A case involving a 42-year-old male diagnosed with AML harboring eight CH mutations (predominantly CG>TG) detected by myeloid panel sequencing presented to our laboratory (Figure 1A). The patient’s sister had previously succumbed to AML at the age of 30 years. WES of leukemic blasts revealed a germline biallelic 4-bp deletion in MBD4 (c.612_615del; p.Ser205ThrfsTer9), confirmed by amplicon sequencing of peripheral blood and was shown to segregate with disease in the family (Figure 1B).

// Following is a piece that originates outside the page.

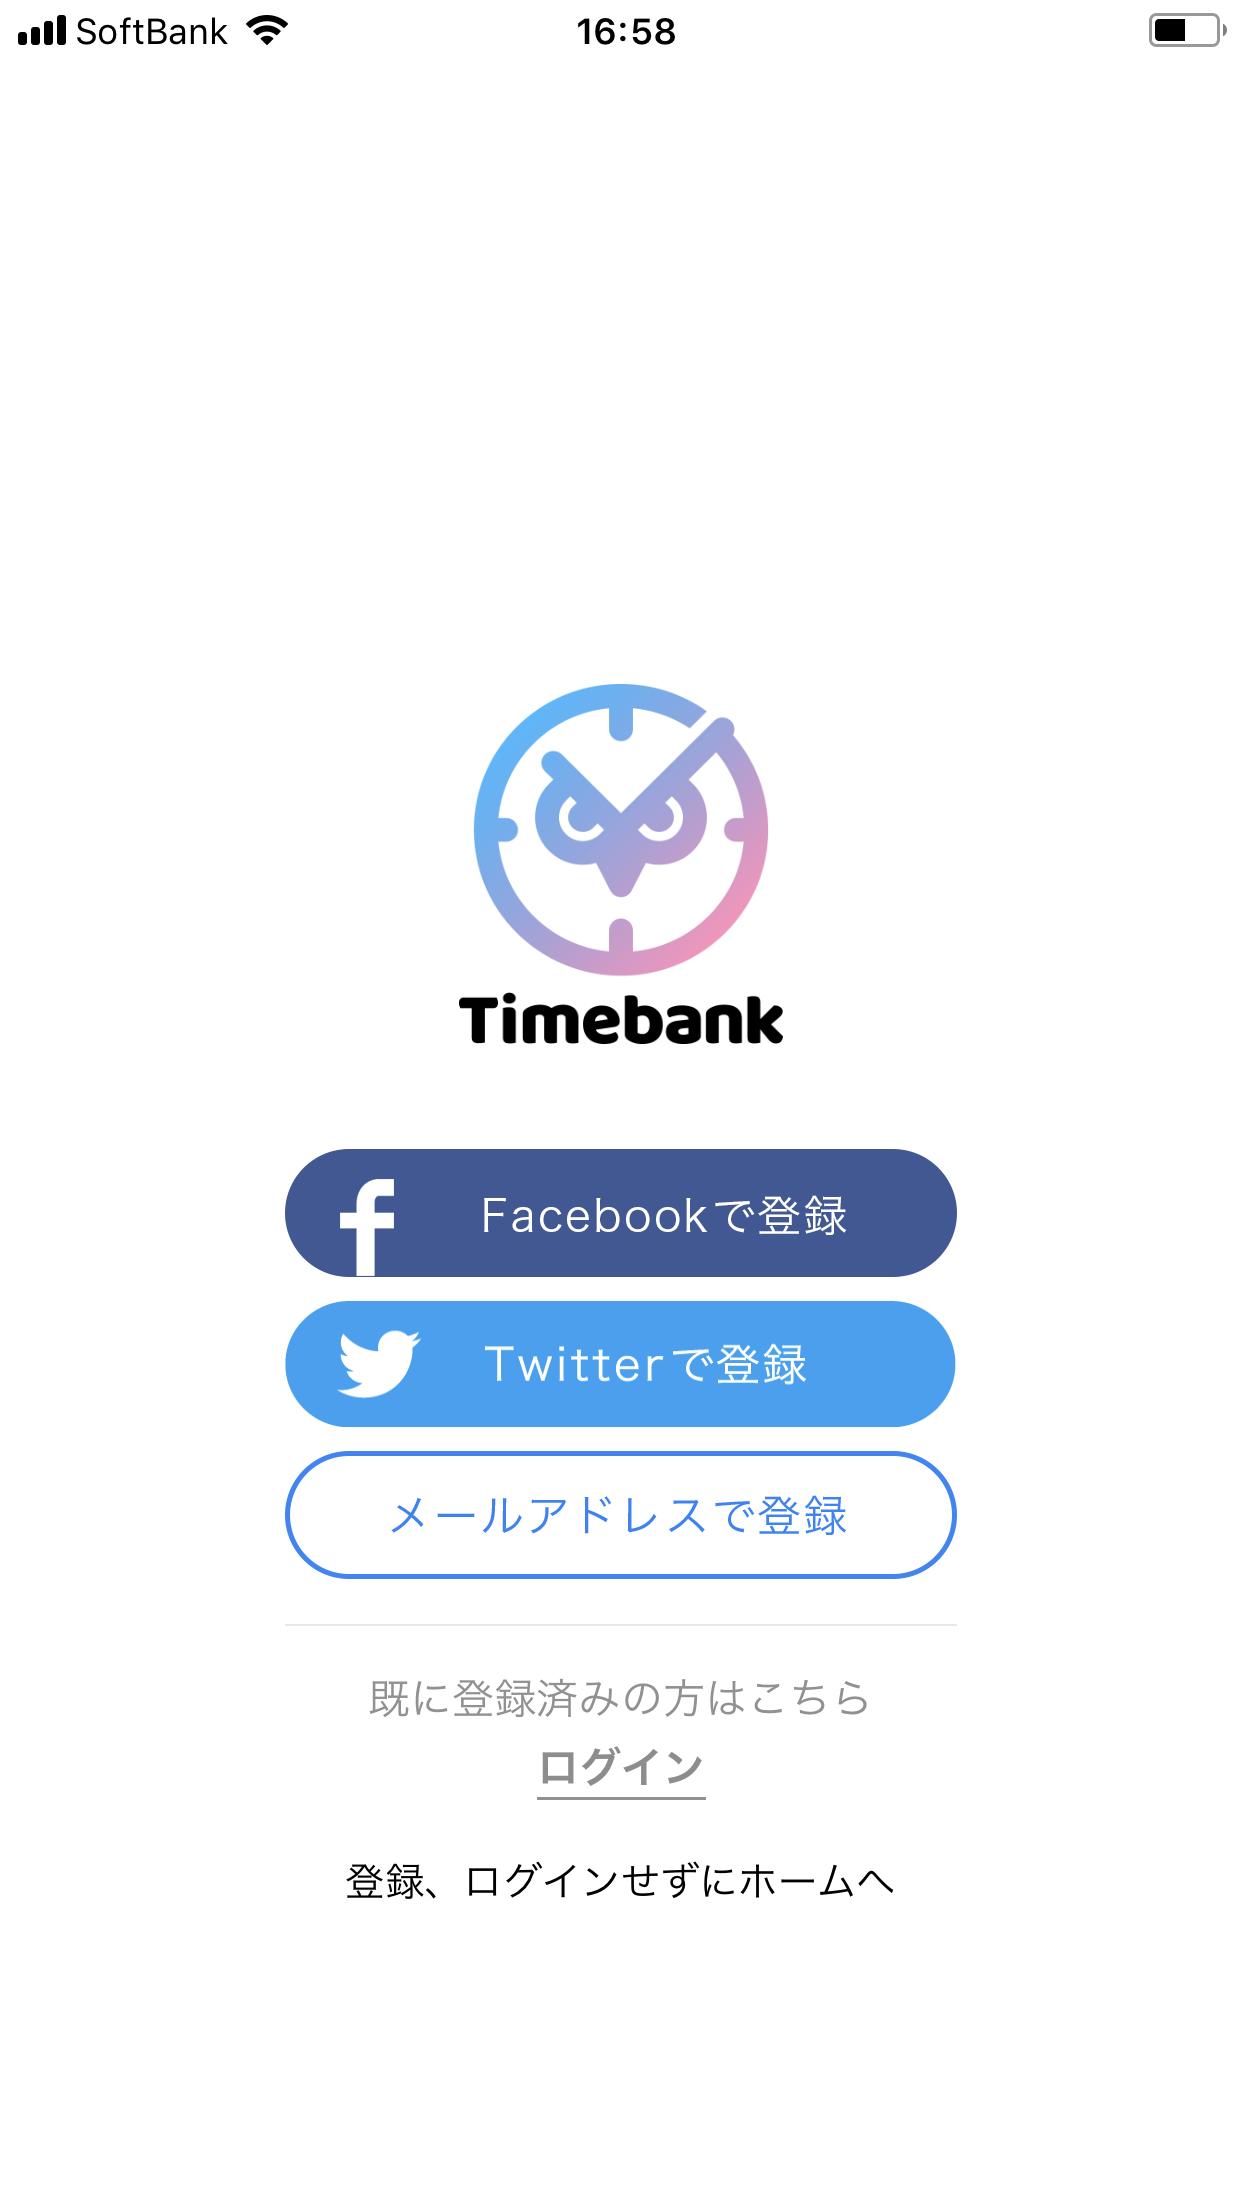 タイムバンクの登録方法①

This variant is rare in the Genome Aggregation Database (gnomAD v4.1.0), with an allele frequency of 0.0000399, and has only been observed in the heterozygous state (0.00000248), with no individuals carrying biallelic mutations. A similar familial case of the same biallelic c.612_615del frameshift deletion was reported in a patient with colorectal adenomas and myelodysplastic syndrome that evolved to AML.10 Given the patient’s origin in an Israeli Christian Arab community with notable endogamy and a high inbreeding coefficient,11 and the family’s denial of consanguinity, we hypothesized that this MBD4 mutation may represent a founder variant predisposing to MANS among Israeli Christian Arabs. In the current study we aimed to assess the prevalence of the MBD4 c.612_615del mutation in the Christian-Arab population in Israel, and to study the consequences of the MBD4 c.612_615del in heterozygous carriers.
We conducted a pilot screening of healthy unrelated volunteers from the Israeli Christian-Arab community, unrelated to the index family, in collaboration with the Orthodox Church and EMMS Nazareth Hospital using amplicon sequencing. Volunteers with active oncological conditions were excluded.
To assess the phenotype of MBD4 c.612_615del heterozygous carriers, we performed deep targeted sequencing for CH mutations and WES of peripheral blood to evaluate the impact of MBD4 c.612_615del on mutagenesis.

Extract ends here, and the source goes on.